8 of 82 comments (clear)

  1. Re:Someone zoned out... by eldavojohn · · Score: 5, Insightful

    Guess someone in the patents-cubicle zoned out and forgot to follow up on his email properly..

    "Oh those patents, yes, they're sent off..." "What are those patentnumbers, we need them for printing.." *searches inbox on 'patent issue'* "Here's a list, let me put it in excel for you.." "kthx!!"

    I have no expertise even remotely in this area but, as the submitter, I looked up all the patents mentioned in the claim. A lot of them seem to do with specifics about the controllers like the drum set, guitar or even the mixing board for DJ Hero. But basically each seems to cover many aspects of how these input systems allow the user to 'learn' and how the played track is replayed over the recorded audio. Take 5739457 for instance, it seems to focus entirely on the electronic drum sets of Guitar Hero. I think what happened here was that the patent markings were put on every single dust jacket for several Guitar Hero products -- regardless of whether or not they came with the hardware to play the game. So you go pick up your stand alone disc of Guitar Hero and there's no plastic drum with it because you bought just the disc or maybe the guitar-only distribution. That was about as far as I could see them going with these claims. That the person buying that may be confused that the product they bought is covering patents that promise something grander than what they bought.

    A really interesting implication for anyone that makes hardware. What if all XBox packs had the same generic patent markings and the arcade came with patent markings for the headset and wireless attachment (not included in arcade)?

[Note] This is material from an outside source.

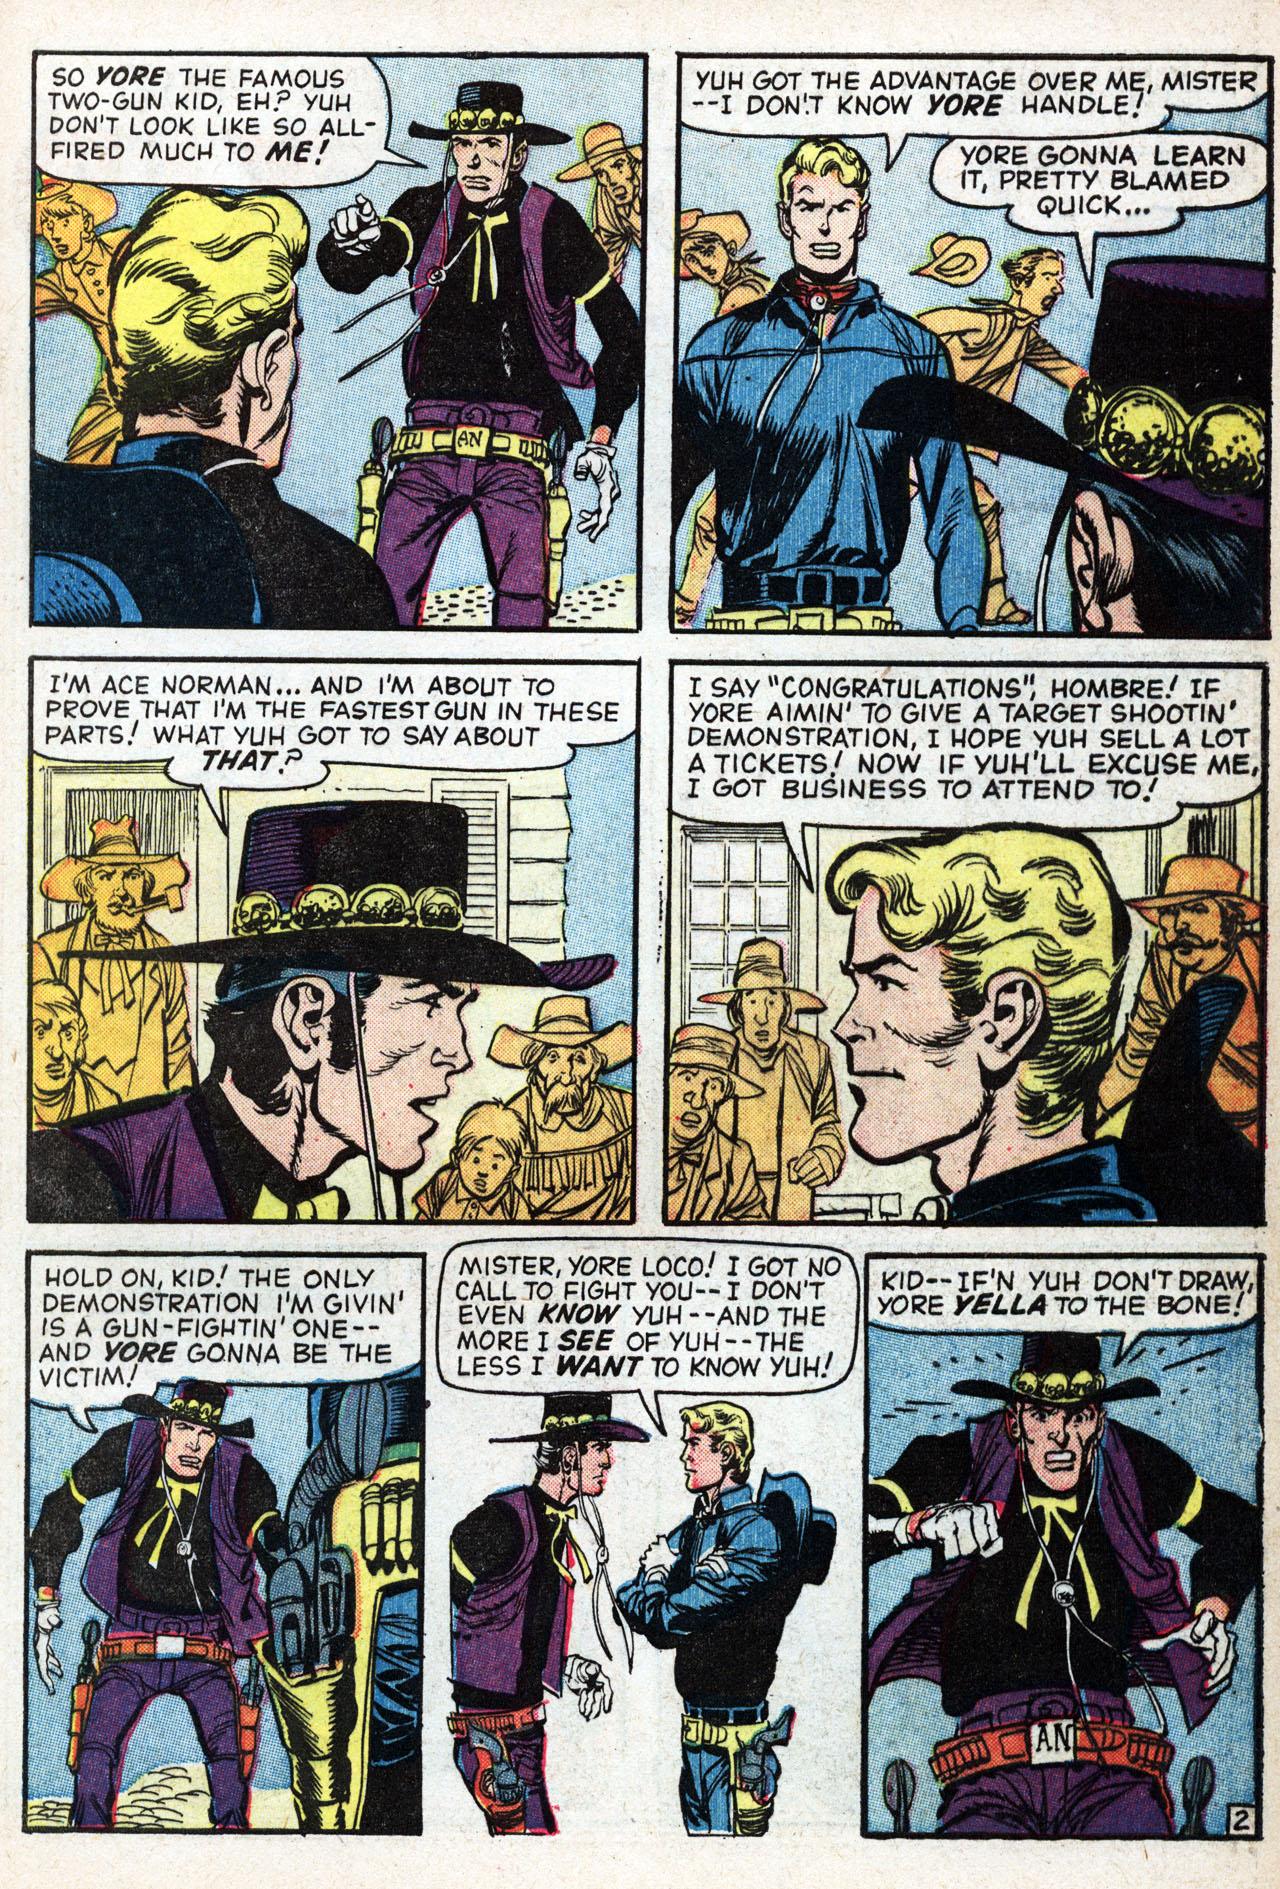 Read online Two-Gun Kid comic -  Issue #46 - 29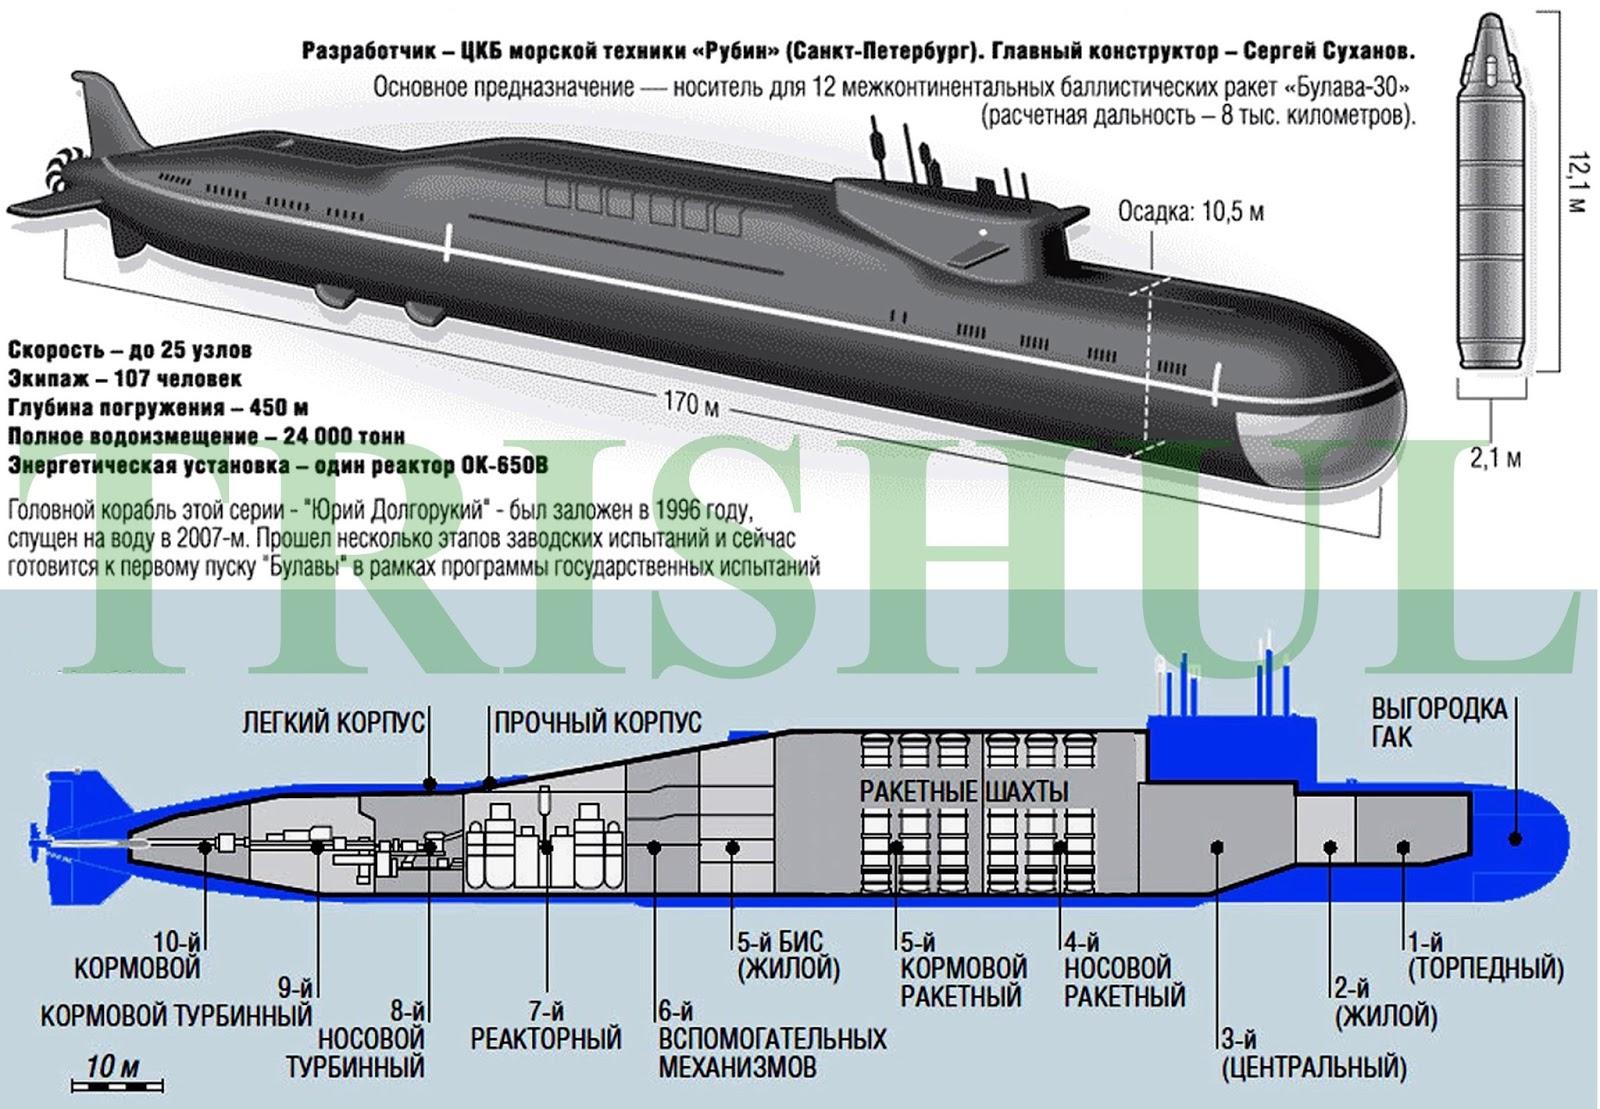 Indian Navy's projected S-5 SSBN Schematic.jpg

    Should this sort of thing be prosecutable? Should Acitivision really get any sort of judgment against them for this level of carelessness?

    --
    My work here is dung.
  2. Maybe they used ... by WrongSizeGlass · · Score: 5, Funny

    ... numbers from Patent Hero, the newest game from Activision - you play along with the patent process but aren't really applying for them?

    You hold the pen. You fill out the forms. You are the Patent Hero!

    1. Re:Maybe they used ... by Arancaytar · · Score: 4, Funny

      Hey, you guys, playing this doesn't make you real inventors! Stop having fun!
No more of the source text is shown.